How do I create a RegEx template that will receive N words using a custom Word border?
I need a RegEx pattern that will return the first N words using a custom word boundary, which is the usual RegEx white space (\ s) plus punctuation marks like .,;:!?-*_
EDIT # 1: Thanks for your comments.
To be clear:
- I would like to set characters to be word delimiters
- Lets call it "Delimiter Set" or strDelimiters
-
strDelimiters = ".,;:!?-*_"
-
nNumWordsToFind = 5
- Word is defined as any contiguous text that does NOT contain a character in strDelimiters
- RegEx word boundary is any continuous text containing one or more characters in strDelimiters
- I would like to create a RegEx template to get / return the first nNumWordsToFind using strDelimiters.

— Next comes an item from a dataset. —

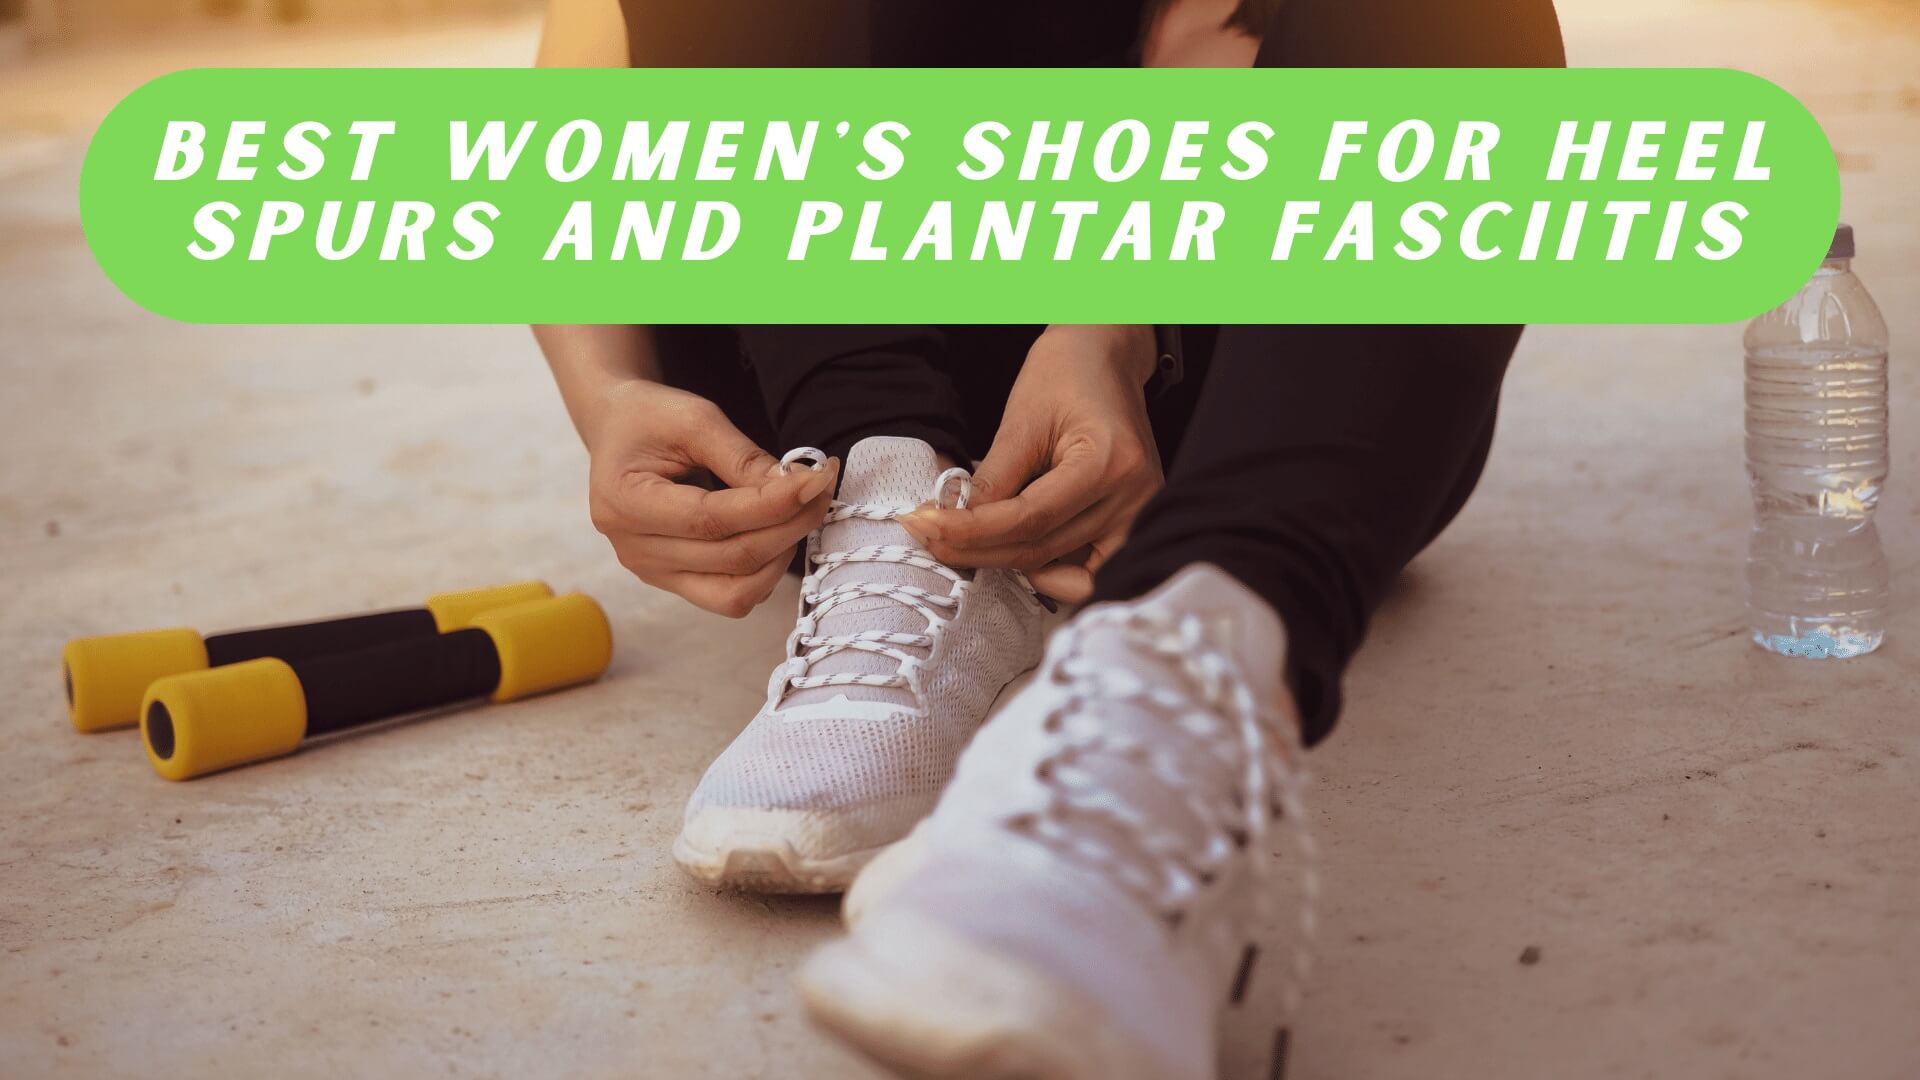 Best Women's Shoes for Heel Spurs and Plantar Fasciitis

EDIT # 2 Sat 08 Aug 2015 12:49 pm US CT
@maraca definitely answered my question as originally said. But I really need to return the number of words ≤ nNumWordsToFind. So if the original text only has 3 words, but my RegEx is asking for 4 words, I need them to return 3 words. The answer provided by maraca fails if nNumWordsToFind> the number of actual words in the source text.
For example:
one,two;three-four_five.six:seven eight nine! ten
He will see it as 10 words. If I want the first 5 words, it will return:
one,two;three-four_five.
I have this pattern using regular space that works, but NOT exactly what I need:
([\w]+\s+){<NumWordsOut>}
where <NumWordsOut>
is the number of words returned.
I also found this word border pattern, but I don't know how to use it:
"real word boundary", which defines the boundary between an ASCII letter and a non-letter.

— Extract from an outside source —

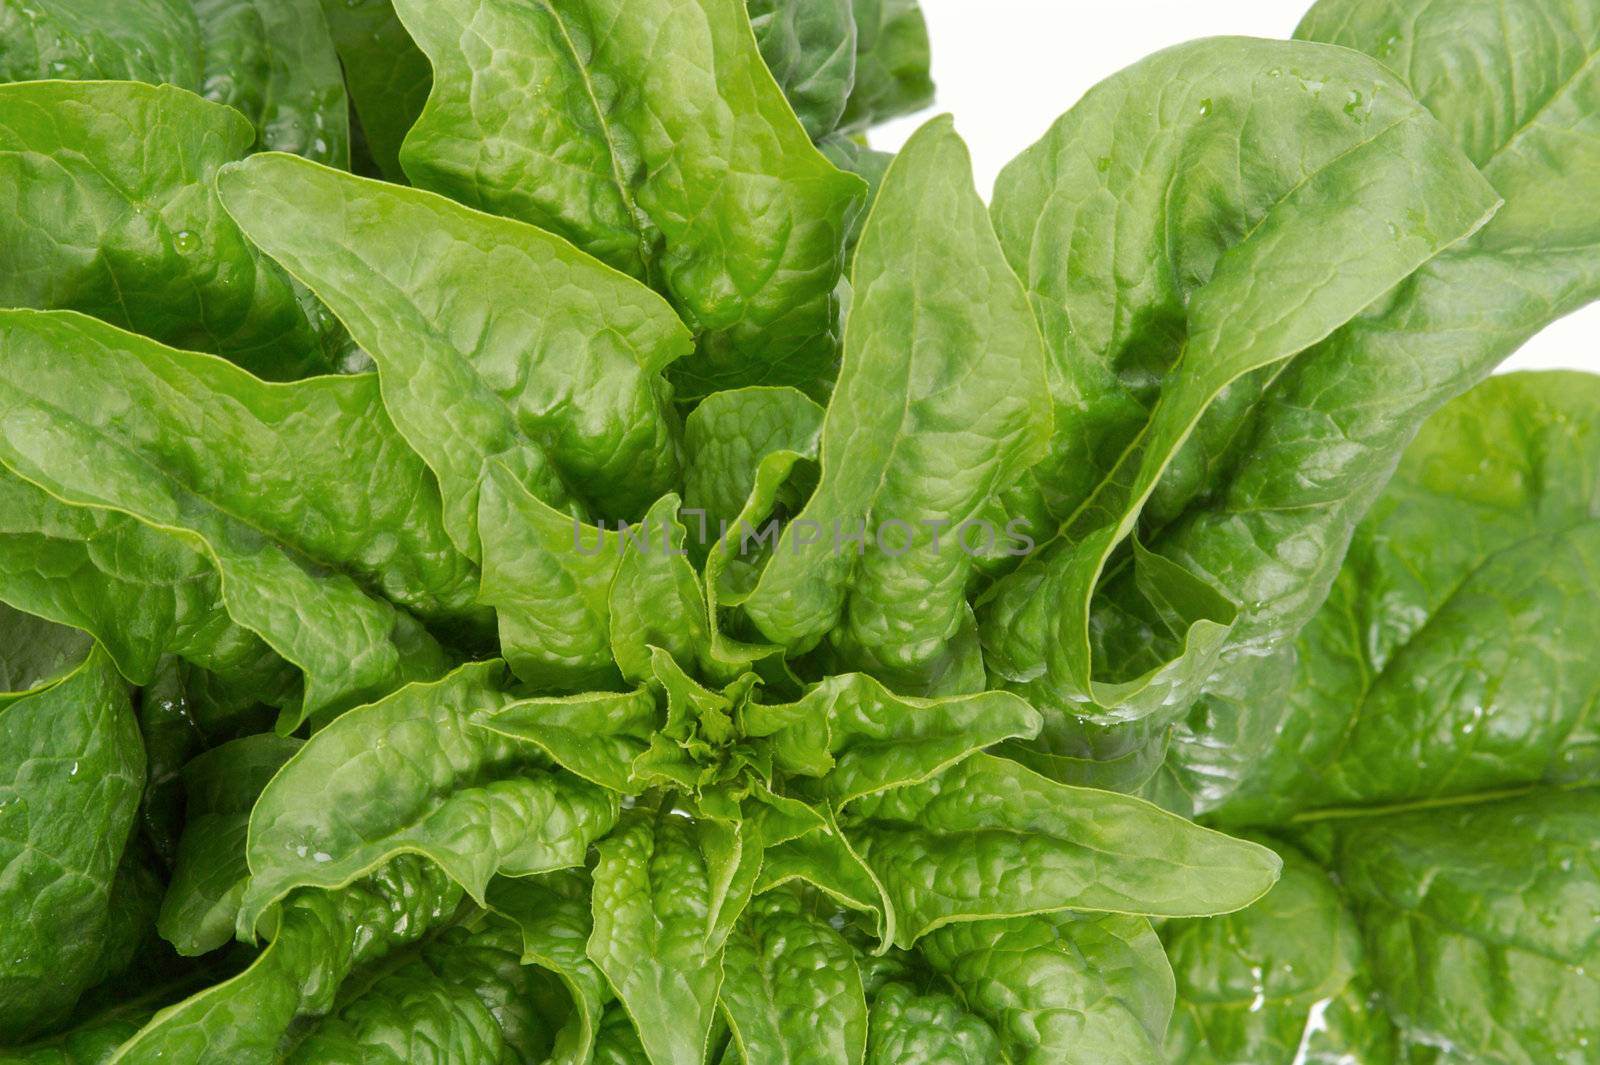 Sample of spinach on a white background

(?i)(?<=^|[^a-z])(?=[a-z])|(?<=[a-z])(?=$|[^a-z])
However, I would like my words to resolve numbers as well.
IAC, I was unable to use the above word boundary pattern to return the first N words of my text.
By the way, I will be using this in the Keyboard Maestro macro .

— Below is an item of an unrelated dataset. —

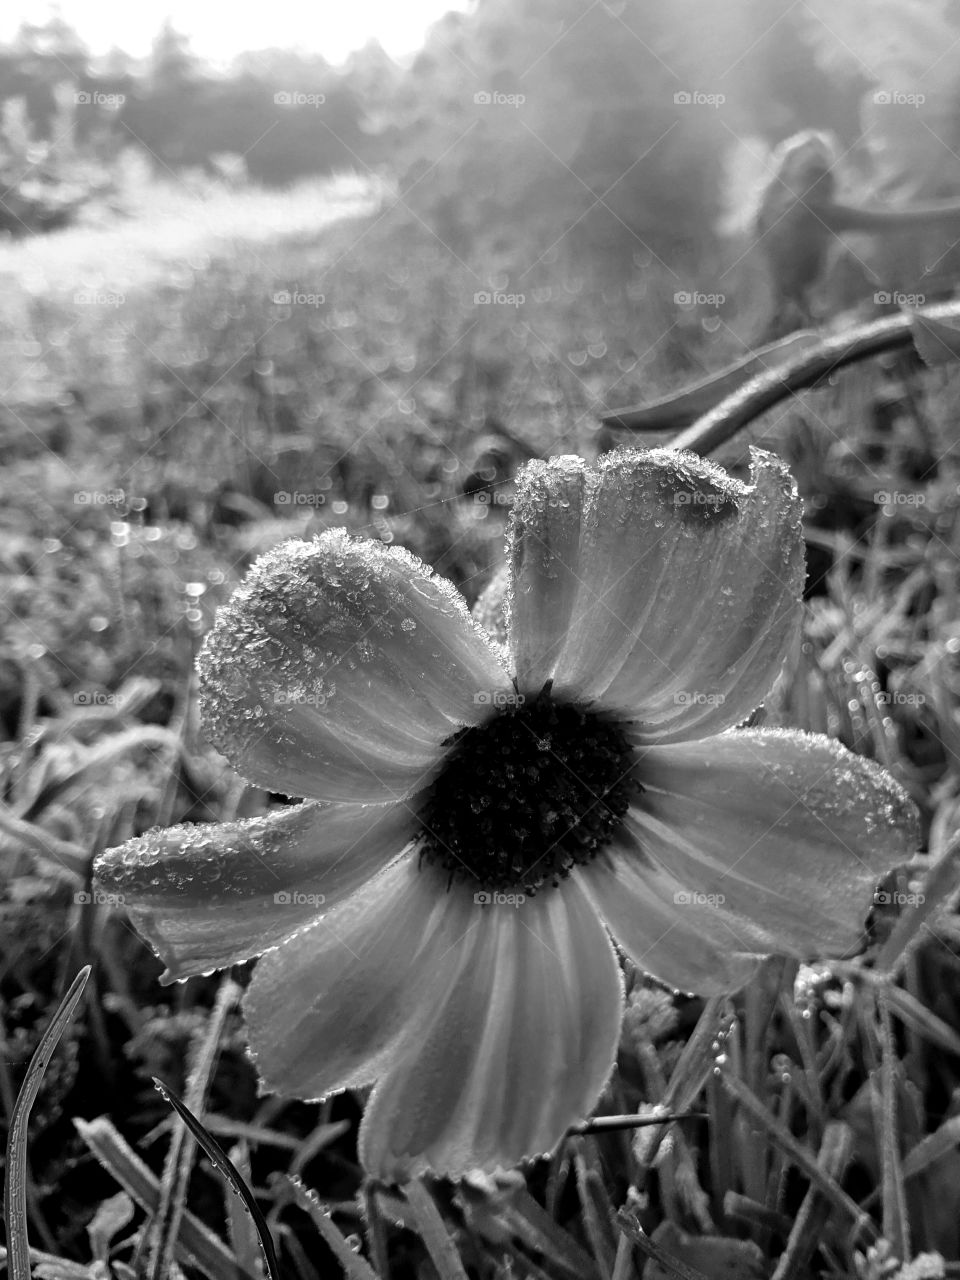 A flower in the morninglight. Black and white.

Can anyone please help? TIA.
All you have to do is adapt your template ([\w]+\s+){<NumWordsOut>}
to, including some special cases:
^[\s.,;:!?*_-]*([^\s.,;:!?*_-]+([\s.,;:!?*_-]+|$)){<NumWordsOut>}
1. 2. 3. 4. 5.
- Matches any number of delimiters before the first word
- Match word (= at least one without separator)
- The word must be followed by at least one separator
- Or it can be at the end of the line (in case there is no delimiter at the end)
- Repeat from 2. to 4. <NumWordsOut> times
Notice how I changed the order -
, it must be at the beginning or at the end, otherwise it must be shielded: \-
.
Thanks to @maraca for providing a complete answer to my question.
I just wanted to post the Keyboard Maestro macro that I created using the @maraca RegEx template for anyone interested in a complete solution.